My goal here is to explain, practically, the two security methods applied in clinical studies regarding identifiable personal data, which means, those data that allow a connection between the clinical data and the person.

Let’s explain and compare the two different ways of unrelating the identifiable data from the clinical data.

What do we mean by pseudonymization?

We have “borrowed” the definition of this term from the GDPR of the EU:

“the processing of personal data in such a manner that the personal data can no longer be attributed to a specific data subject without the use of additional information, provided that such additional information is kept separately and is subject to technical and organizational measures to ensure that the personal data are not attributed to an identified or identifiable natural person;” (Article 4.5)

Or put in simple language and considering we are talking about clinical trials, it means:

“to accomplish pseudonymisation, clinical data of a person can not be stored with the data which identifies the participant”

Even simpler: the official identification number of a participant (or any other identifiable data: name, last name, social security number…etc.) can not be stored together with the clinical data of the participant.

Pseudonymization can be accomplished in two different ways, and we will explain those two that can be used in clinical trials and studies besides explaining the pros and cons of both of them.

Dissociation: Separation of the identifiable information of a person.
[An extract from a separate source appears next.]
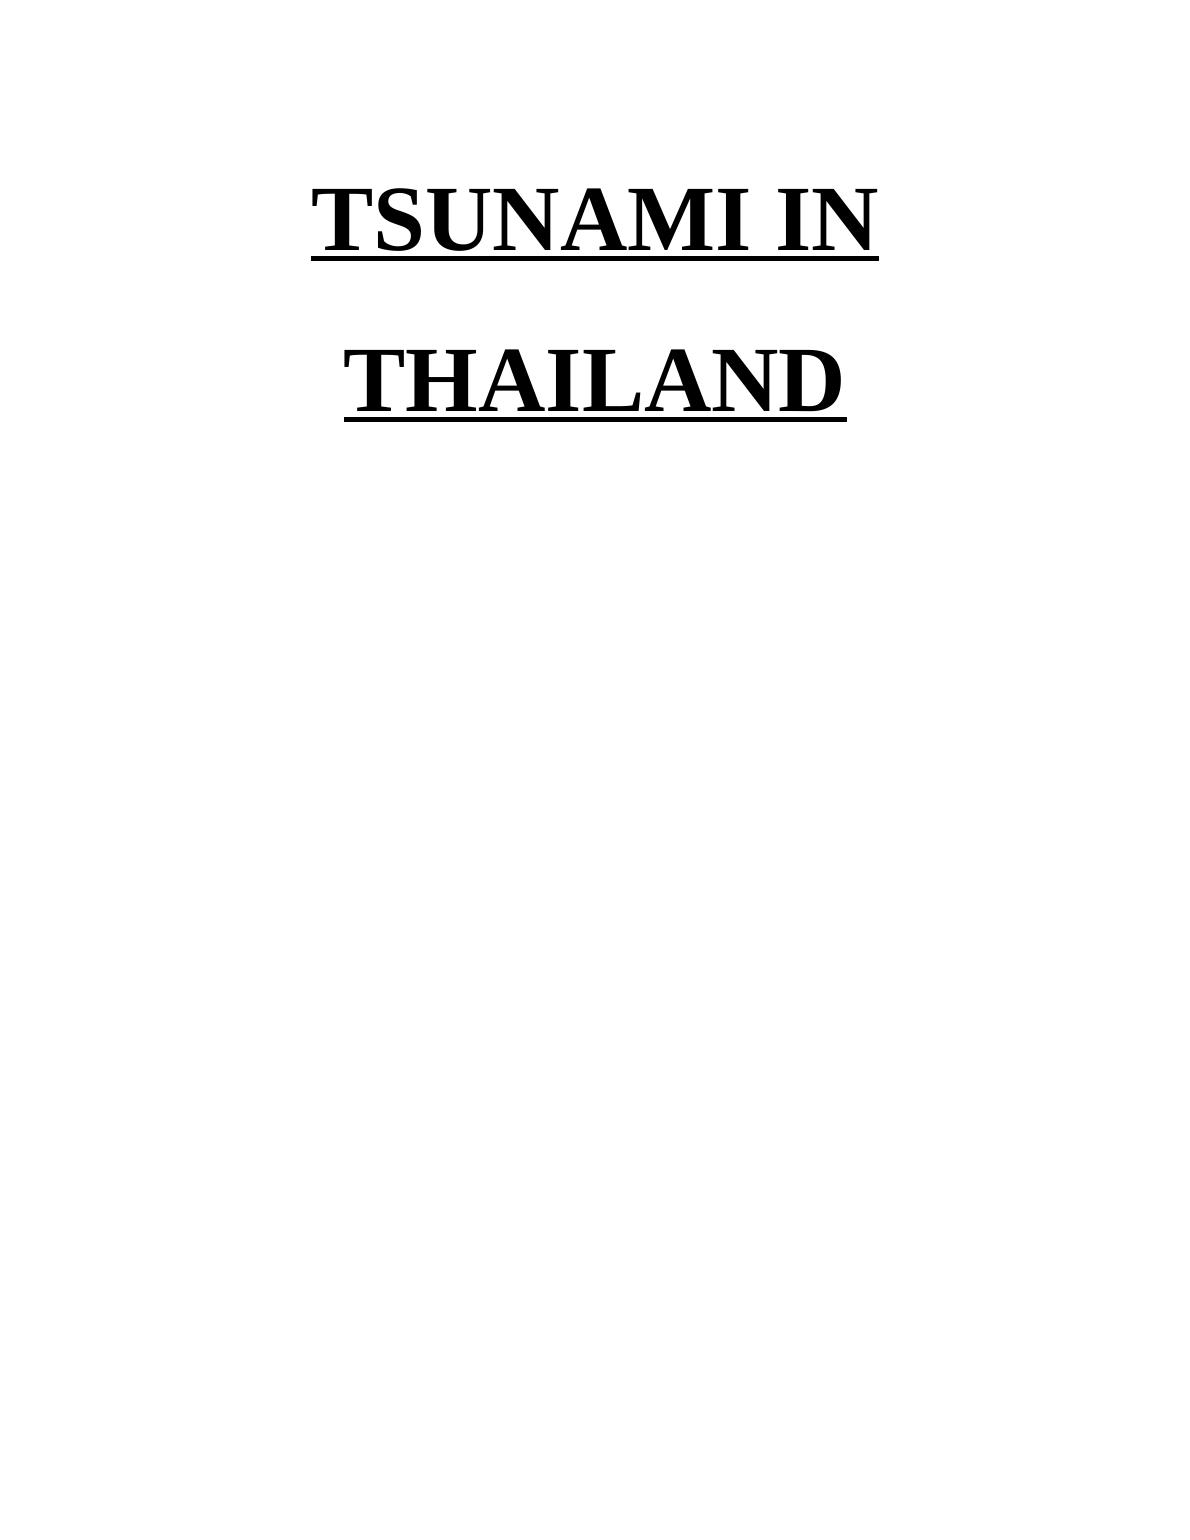 Tsunami in Thailand - Essay_1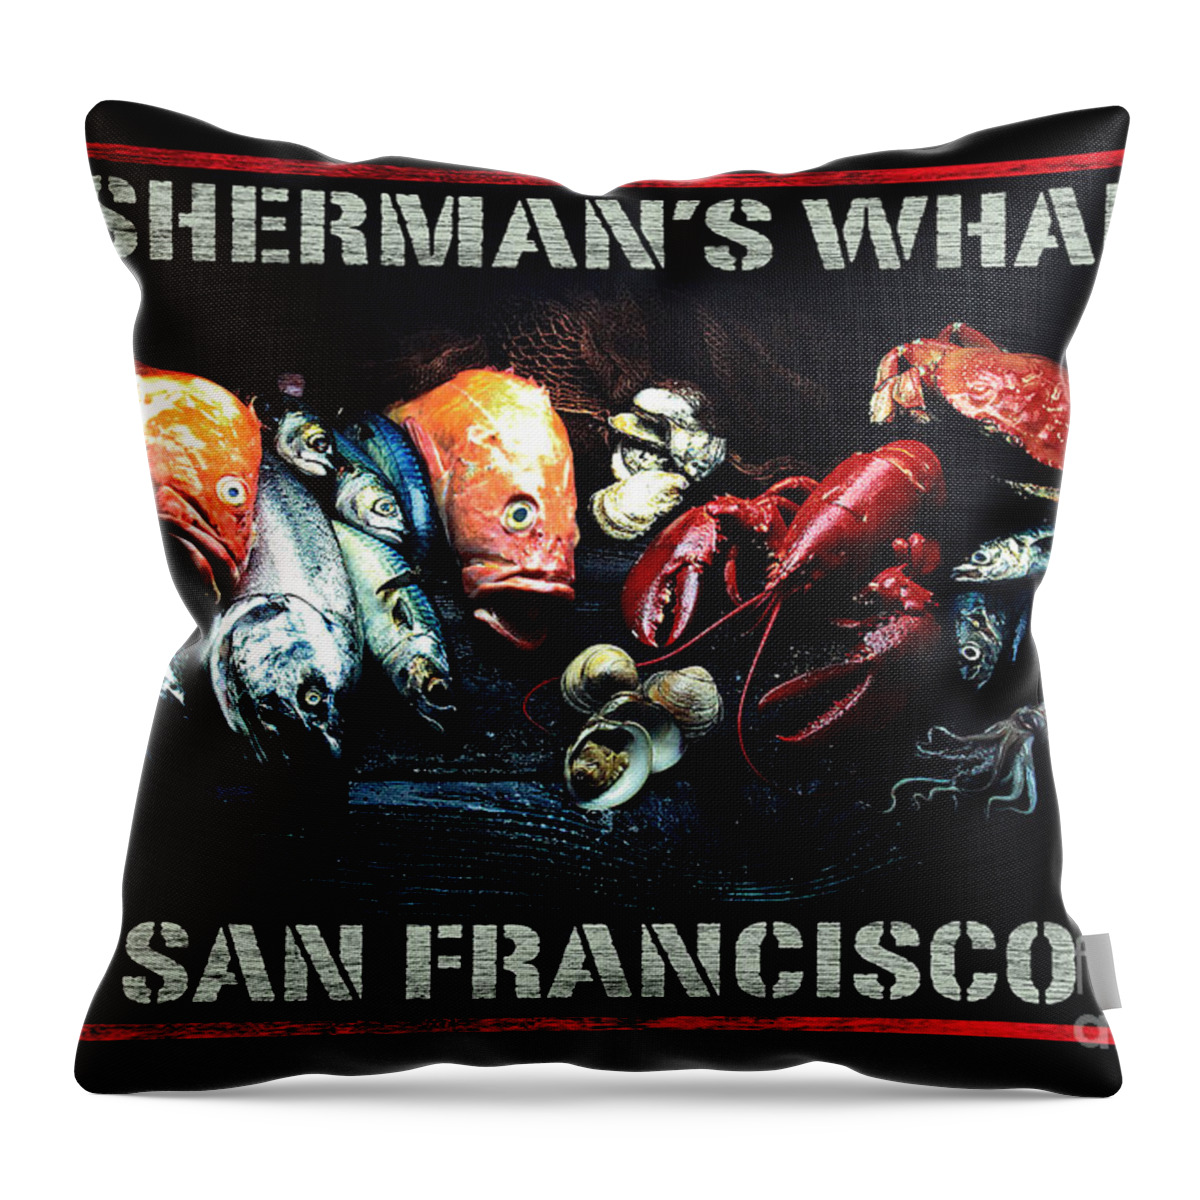 Fisherman's Wharf Throw Pillow featuring the digital art Fisherman's Wharf San Francisco by Brian Watt

Encryption: Encryption of the identifiable information of the person. Encryption: Encryption of the identifiable information of the person.

Dissociation: Separation of the identifiable information of a person

This is by far the most used method in clinical trials to accomplish pseudonymization. It is the most used, among other things, because it is technically the easiest to accomplish and it offers a high degree of security.

The method of dissociation is based on separating clinical data from the identifiable data of the participant.

The goal of this method is to prevent the identification in the EDC of the person to which the clinical data belongs to. A very simple example (very simple actually ;-)) of a dissociated database would be something like this:

The ID EDC field is an auto generated field when a new record of a participant is created and is therefore impossible to, with just this data, identify the person to whom the clinical data belongs to.

In most clinical studies it is necessary to identify participants within the EDC for tasks such as: adding new information in future visits or validation of source data during monitoring. These are some of the examples in which it is necessary to perform this identification.

But, how is this identification possible when there is no identifiable data?

To achieve this a system is used in which the identifiable data of the person is separated from the clinical data.

To that end each site counts with an alternative database (in a system different from the clinical database of the study) where the identification of the participants is stored and related to the internal ID associated with the participant. The column “ID EDC” will be the key element that will relate both systems in order to identify the person in the EDC.

The external system can come in different formats: paper, spreadsheets or the information could even be kept in the clinical history of the patient in each site. Ultimately, the important thing is that the personal information (ID number, Social Security number) and the internal identificator in the EDC will be stored somewhere outside of the EDC.

Following on the previous example, we would have another database different from the EDC with these data:

In this way the clinical data would be separated from the identifiable data of the person. If we want to access the clinical data of a specific participant we only need to consult the external system to know the associated ID EDC. Once we have the value of this field we can go over to the clinical database and access the data for this participant.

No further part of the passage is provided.